(YOUR GOAL) The full listing, written out exactly and without images, is the expected result.
(DATA PROVIDED Opens)
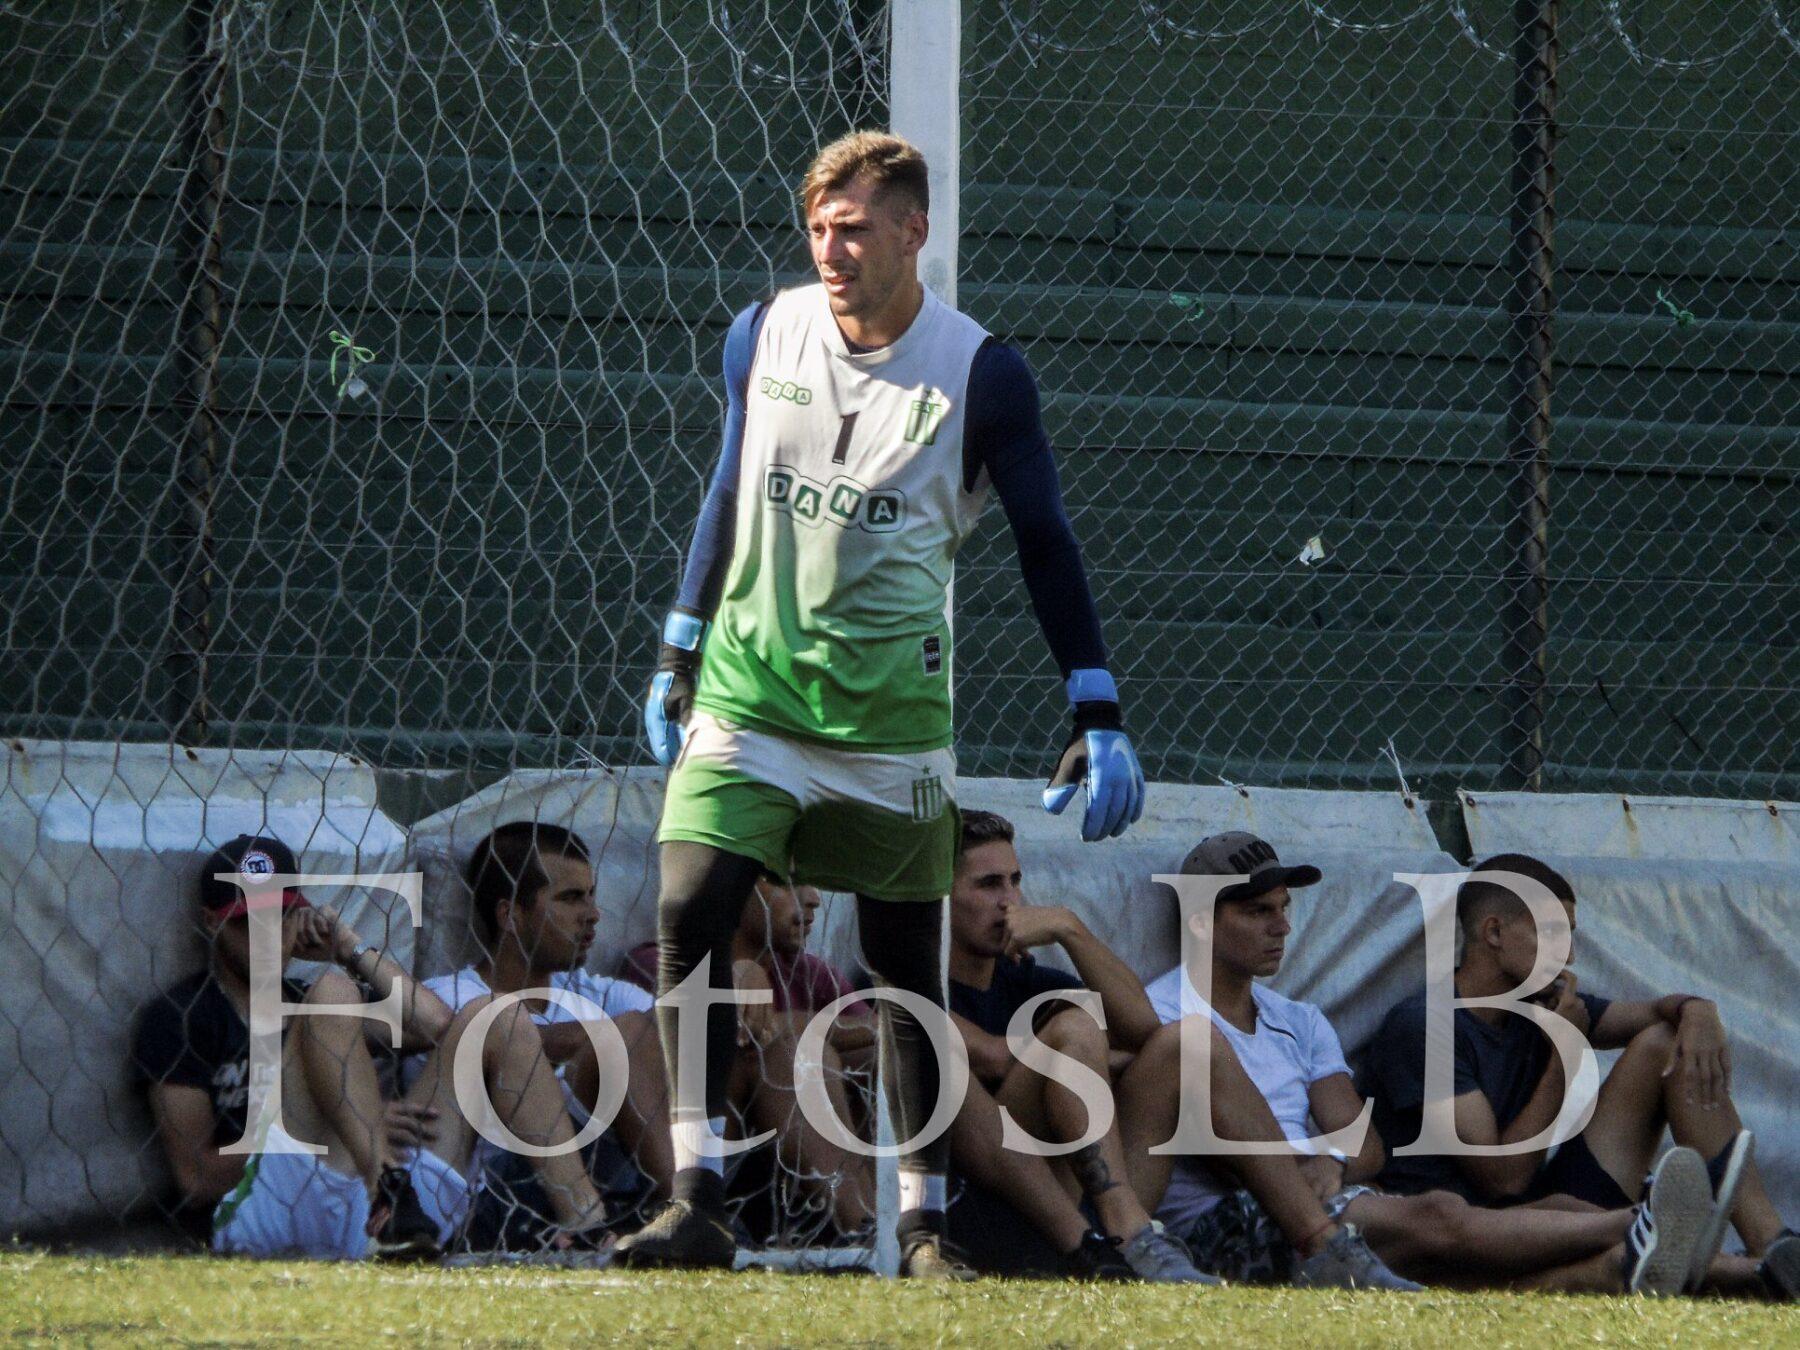 Fútbol de ascenso: Matías Budiño continuará en Excursionistas
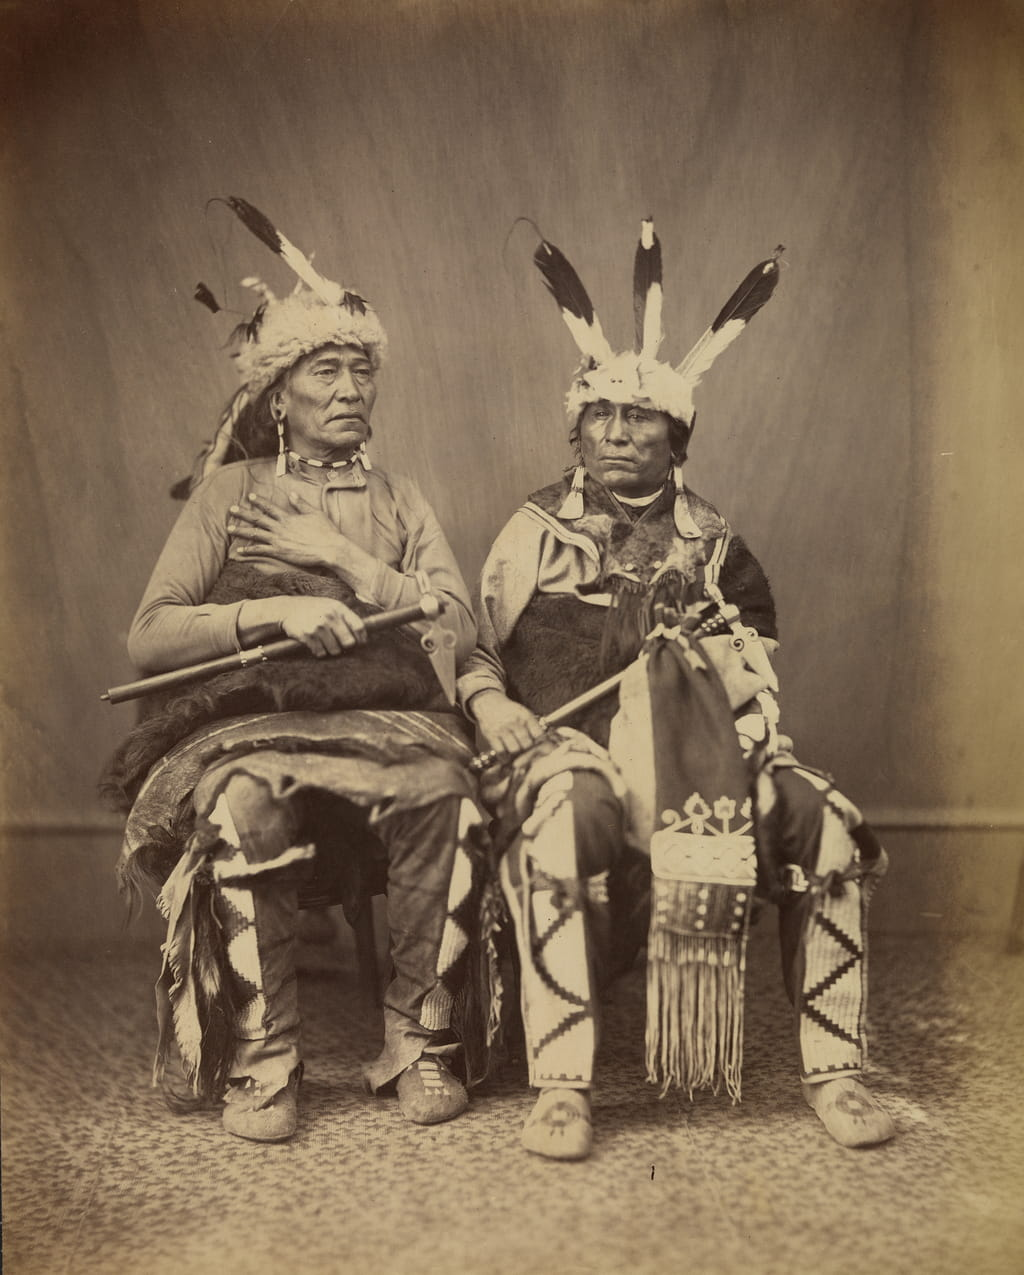 Ihanktonwan Nakota delegates Si-ha-han-ska (Long Foot), left and Wa-jin-ka (Little Bird), right by Alexander Gardner, 1867. (National Museum of the American Indian Archive Center, Smithsonian Institution)
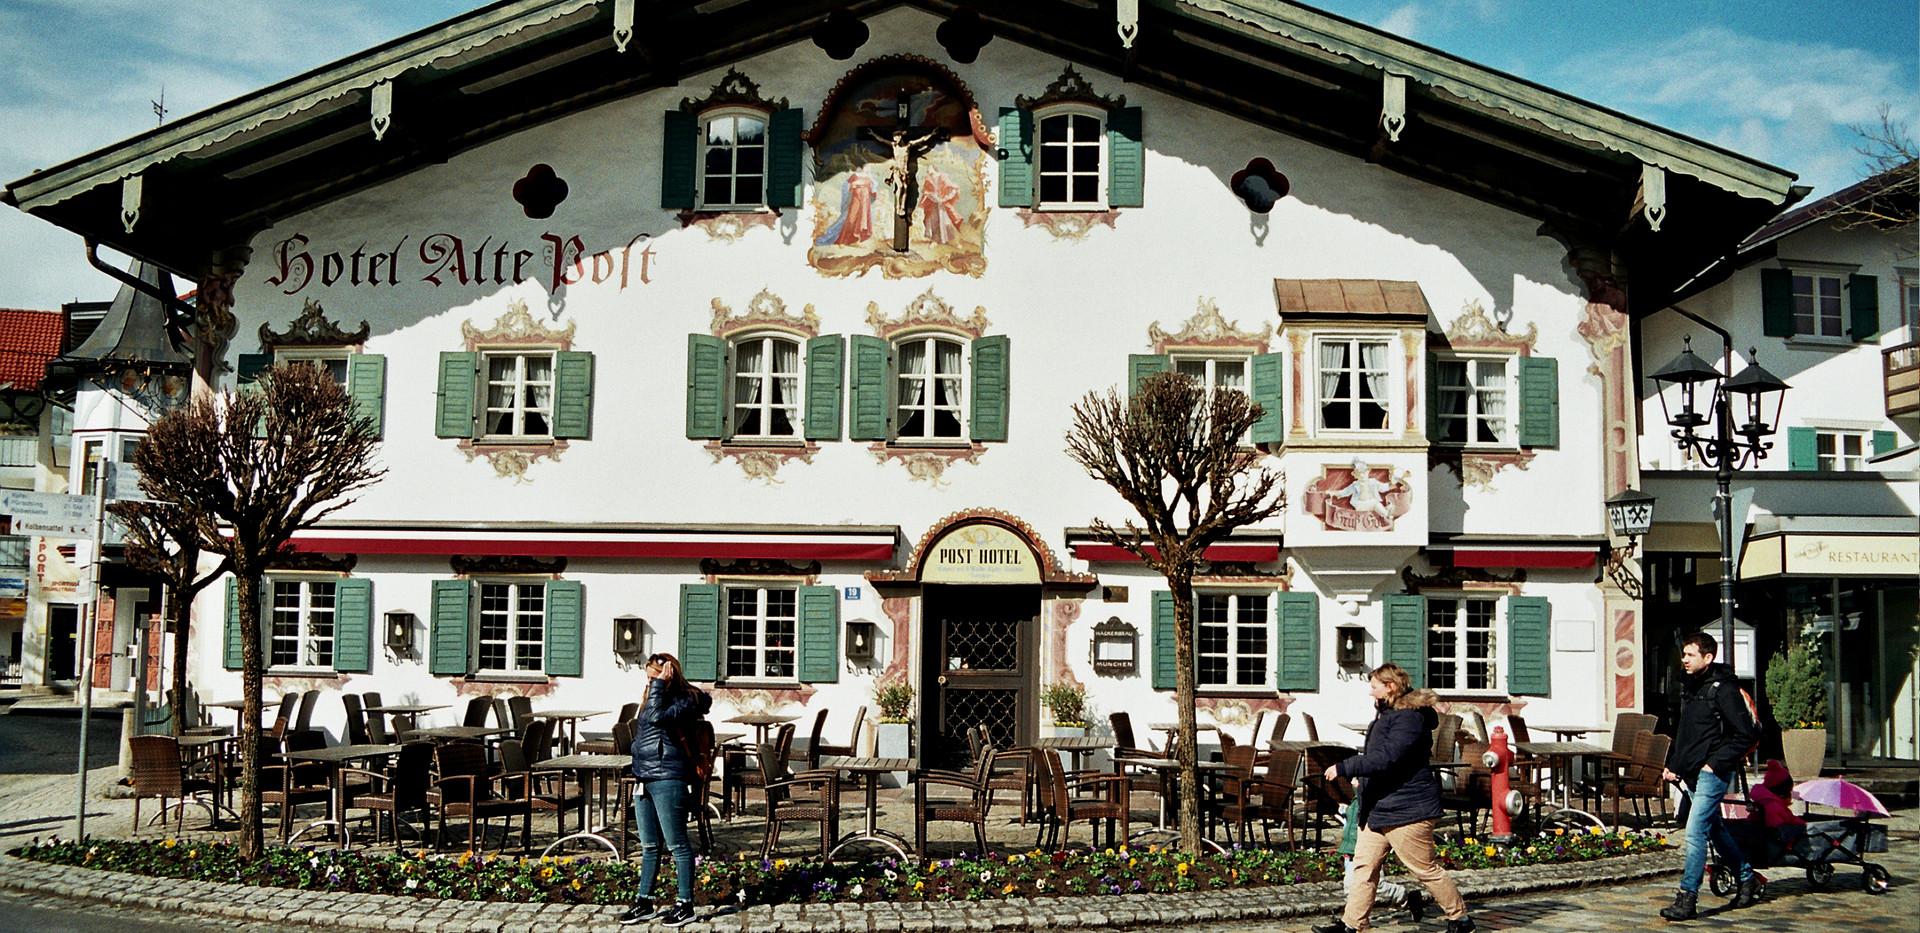 Oberammergau, Germany, April 2018
(DATA PROVIDED Closes)
(EXERCISE OUTPUT)
 Fútbol de ascenso: Matías Budiño continuará en Excursionistas
 Ihanktonwan Nakota delegates Si-ha-han-ska (Long Foot), left and Wa-jin-ka (Little Bird), right by Alexander Gardner, 1867. (National Museum of the American Indian Archive Center, Smithsonian Institution)
 Oberammergau, Germany, April 2018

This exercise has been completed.